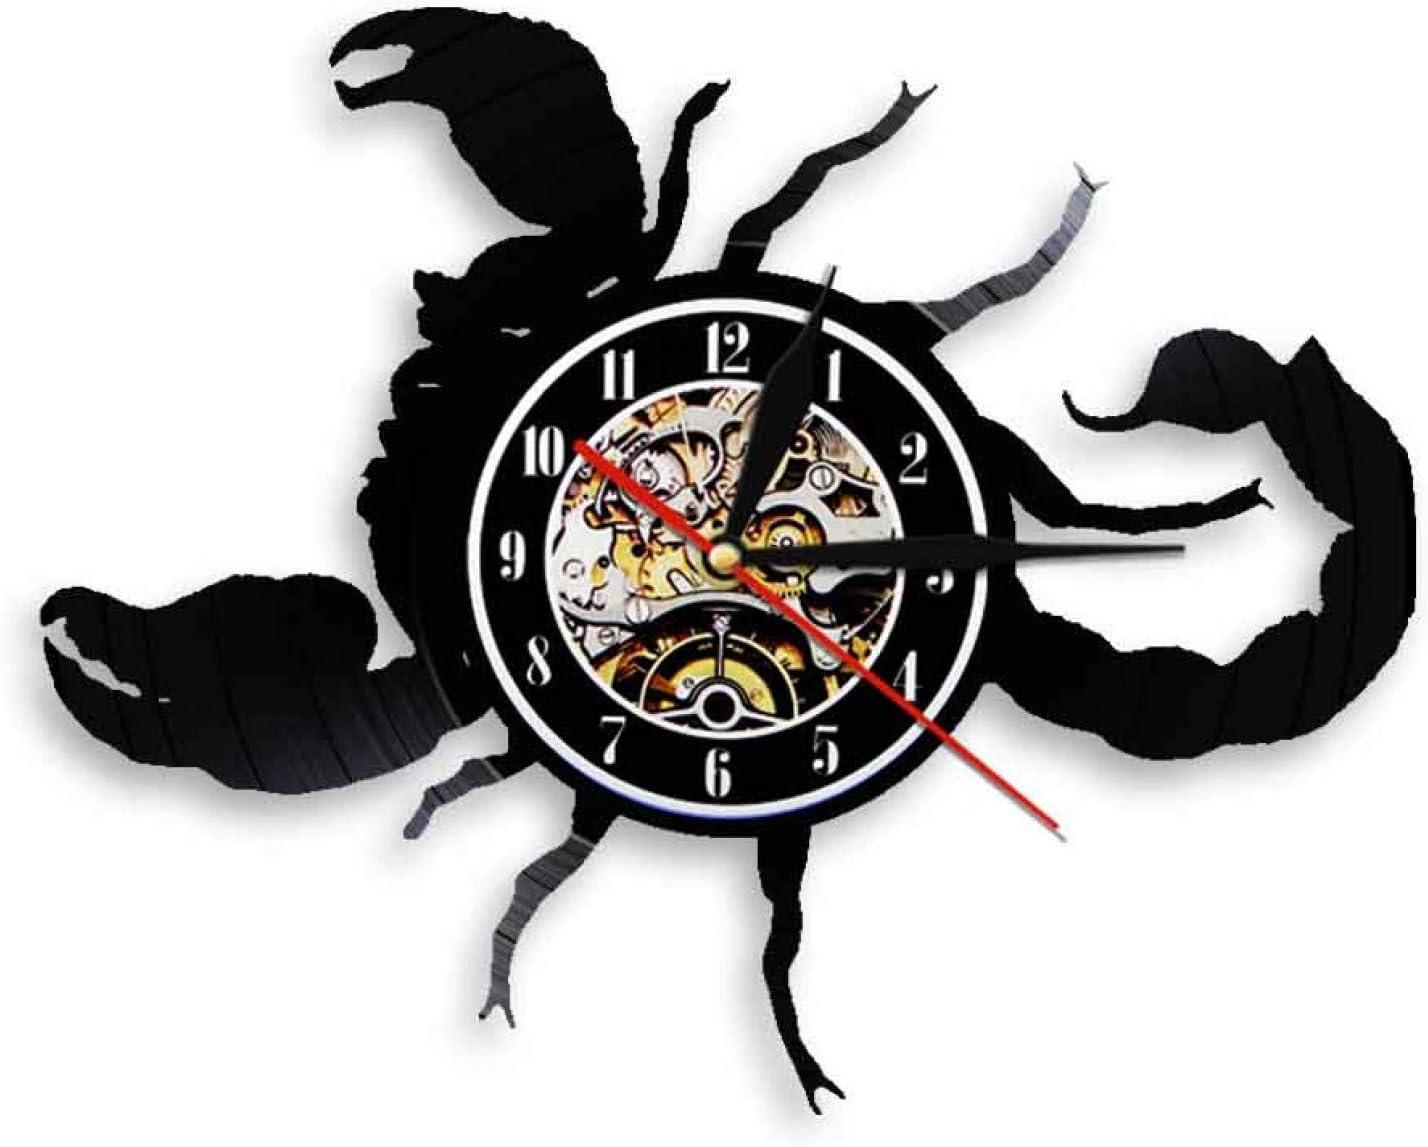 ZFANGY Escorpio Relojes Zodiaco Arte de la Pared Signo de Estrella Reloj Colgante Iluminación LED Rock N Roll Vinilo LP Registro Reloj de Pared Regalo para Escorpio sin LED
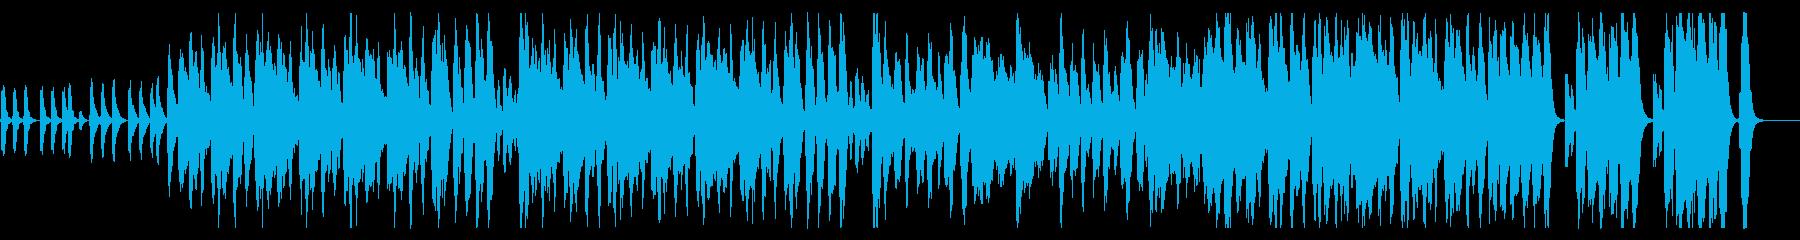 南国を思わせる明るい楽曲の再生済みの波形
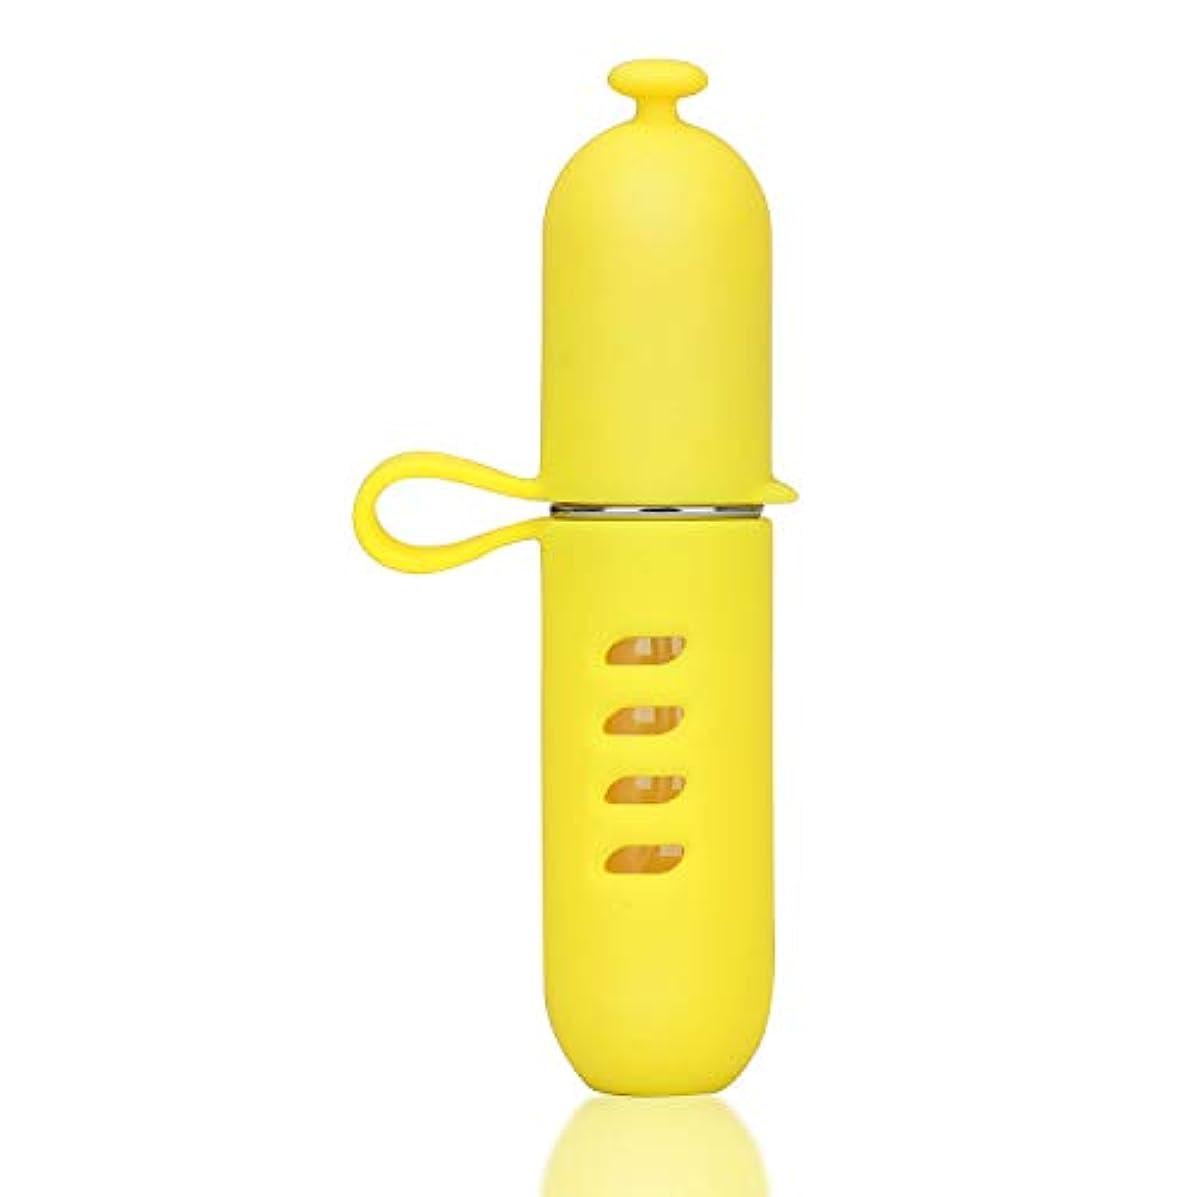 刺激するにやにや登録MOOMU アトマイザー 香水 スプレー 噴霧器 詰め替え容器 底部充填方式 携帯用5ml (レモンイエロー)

==

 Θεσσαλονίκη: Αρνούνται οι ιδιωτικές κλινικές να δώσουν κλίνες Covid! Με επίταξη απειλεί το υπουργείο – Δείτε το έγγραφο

• _Work task_
Return exactly the part of the listing above that opens with the line containing "ZFANGY Escorpio Relojes" and closes with the line containing "刺激するにやにや登録MOOMU アトマイザー 香水". Pictures stay out.

• _Answer for this exercise_
 ZFANGY Escorpio Relojes Zodiaco Arte de la Pared Signo de Estrella Reloj Colgante Iluminación LED Rock N Roll Vinilo LP Registro Reloj de Pared Regalo para Escorpio sin LED
 南国を思わせる明るい楽曲の再生済みの波形
 刺激するにやにや登録MOOMU アトマイザー 香水 スプレー 噴霧器 詰め替え容器 底部充填方式 携帯用5ml (レモンイエロー)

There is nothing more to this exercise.